■ **Problem requirements**:
Up to and including the line with "RLPI - Règlement", copy the records below exactly from their first line.

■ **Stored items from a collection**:

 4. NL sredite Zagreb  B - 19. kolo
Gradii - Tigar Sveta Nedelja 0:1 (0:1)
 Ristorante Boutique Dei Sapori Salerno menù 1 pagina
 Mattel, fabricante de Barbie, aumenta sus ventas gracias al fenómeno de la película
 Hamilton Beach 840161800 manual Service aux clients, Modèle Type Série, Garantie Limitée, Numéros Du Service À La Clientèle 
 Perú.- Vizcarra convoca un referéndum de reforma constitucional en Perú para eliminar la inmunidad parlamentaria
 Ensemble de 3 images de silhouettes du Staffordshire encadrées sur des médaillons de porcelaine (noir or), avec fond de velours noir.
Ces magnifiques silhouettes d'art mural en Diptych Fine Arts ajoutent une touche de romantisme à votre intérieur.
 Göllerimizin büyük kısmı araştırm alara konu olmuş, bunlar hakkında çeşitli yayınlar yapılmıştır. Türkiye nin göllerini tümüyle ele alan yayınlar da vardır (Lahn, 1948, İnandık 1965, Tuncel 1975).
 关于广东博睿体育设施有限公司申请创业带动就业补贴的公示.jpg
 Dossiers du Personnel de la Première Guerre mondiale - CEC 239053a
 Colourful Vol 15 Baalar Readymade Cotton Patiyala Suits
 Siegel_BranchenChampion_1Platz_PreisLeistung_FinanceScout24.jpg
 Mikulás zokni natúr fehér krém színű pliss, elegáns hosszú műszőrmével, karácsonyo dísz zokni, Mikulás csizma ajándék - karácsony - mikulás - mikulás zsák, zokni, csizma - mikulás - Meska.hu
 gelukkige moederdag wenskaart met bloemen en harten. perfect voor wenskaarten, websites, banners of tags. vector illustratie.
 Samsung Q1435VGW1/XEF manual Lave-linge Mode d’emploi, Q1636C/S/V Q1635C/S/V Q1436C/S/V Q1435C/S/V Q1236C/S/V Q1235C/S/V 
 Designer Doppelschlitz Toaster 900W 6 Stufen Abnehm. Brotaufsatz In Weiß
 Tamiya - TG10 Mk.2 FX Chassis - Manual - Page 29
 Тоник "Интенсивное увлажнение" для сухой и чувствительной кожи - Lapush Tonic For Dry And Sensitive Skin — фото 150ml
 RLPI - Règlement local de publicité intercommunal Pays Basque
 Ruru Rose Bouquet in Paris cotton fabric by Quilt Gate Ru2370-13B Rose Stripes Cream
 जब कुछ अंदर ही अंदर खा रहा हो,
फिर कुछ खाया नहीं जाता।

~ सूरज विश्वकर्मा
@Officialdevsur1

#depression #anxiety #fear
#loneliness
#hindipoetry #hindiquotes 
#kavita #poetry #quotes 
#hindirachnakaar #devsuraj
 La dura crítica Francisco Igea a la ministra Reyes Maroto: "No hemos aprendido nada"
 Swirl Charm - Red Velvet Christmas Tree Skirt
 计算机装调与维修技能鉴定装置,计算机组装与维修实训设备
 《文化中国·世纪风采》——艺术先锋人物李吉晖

■ **Answer to this problem**:
 4. NL sredite Zagreb  B - 19. kolo
Gradii - Tigar Sveta Nedelja 0:1 (0:1)
 Ristorante Boutique Dei Sapori Salerno menù 1 pagina
 Mattel, fabricante de Barbie, aumenta sus ventas gracias al fenómeno de la película
 Hamilton Beach 840161800 manual Service aux clients, Modèle Type Série, Garantie Limitée, Numéros Du Service À La Clientèle 
 Perú.- Vizcarra convoca un referéndum de reforma constitucional en Perú para eliminar la inmunidad parlamentaria
 Ensemble de 3 images de silhouettes du Staffordshire encadrées sur des médaillons de porcelaine (noir or), avec fond de velours noir.
Ces magnifiques silhouettes d'art mural en Diptych Fine Arts ajoutent une touche de romantisme à votre intérieur.
 Göllerimizin büyük kısmı araştırm alara konu olmuş, bunlar hakkında çeşitli yayınlar yapılmıştır. Türkiye nin göllerini tümüyle ele alan yayınlar da vardır (Lahn, 1948, İnandık 1965, Tuncel 1975).
 关于广东博睿体育设施有限公司申请创业带动就业补贴的公示.jpg
 Dossiers du Personnel de la Première Guerre mondiale - CEC 239053a
 Colourful Vol 15 Baalar Readymade Cotton Patiyala Suits
 Siegel_BranchenChampion_1Platz_PreisLeistung_FinanceScout24.jpg
 Mikulás zokni natúr fehér krém színű pliss, elegáns hosszú műszőrmével, karácsonyo dísz zokni, Mikulás csizma ajándék - karácsony - mikulás - mikulás zsák, zokni, csizma - mikulás - Meska.hu
 gelukkige moederdag wenskaart met bloemen en harten. perfect voor wenskaarten, websites, banners of tags. vector illustratie.
 Samsung Q1435VGW1/XEF manual Lave-linge Mode d’emploi, Q1636C/S/V Q1635C/S/V Q1436C/S/V Q1435C/S/V Q1236C/S/V Q1235C/S/V 
 Designer Doppelschlitz Toaster 900W 6 Stufen Abnehm. Brotaufsatz In Weiß
 Tamiya - TG10 Mk.2 FX Chassis - Manual - Page 29
 Тоник "Интенсивное увлажнение" для сухой и чувствительной кожи - Lapush Tonic For Dry And Sensitive Skin — фото 150ml
 RLPI - Règlement local de publicité intercommunal Pays Basque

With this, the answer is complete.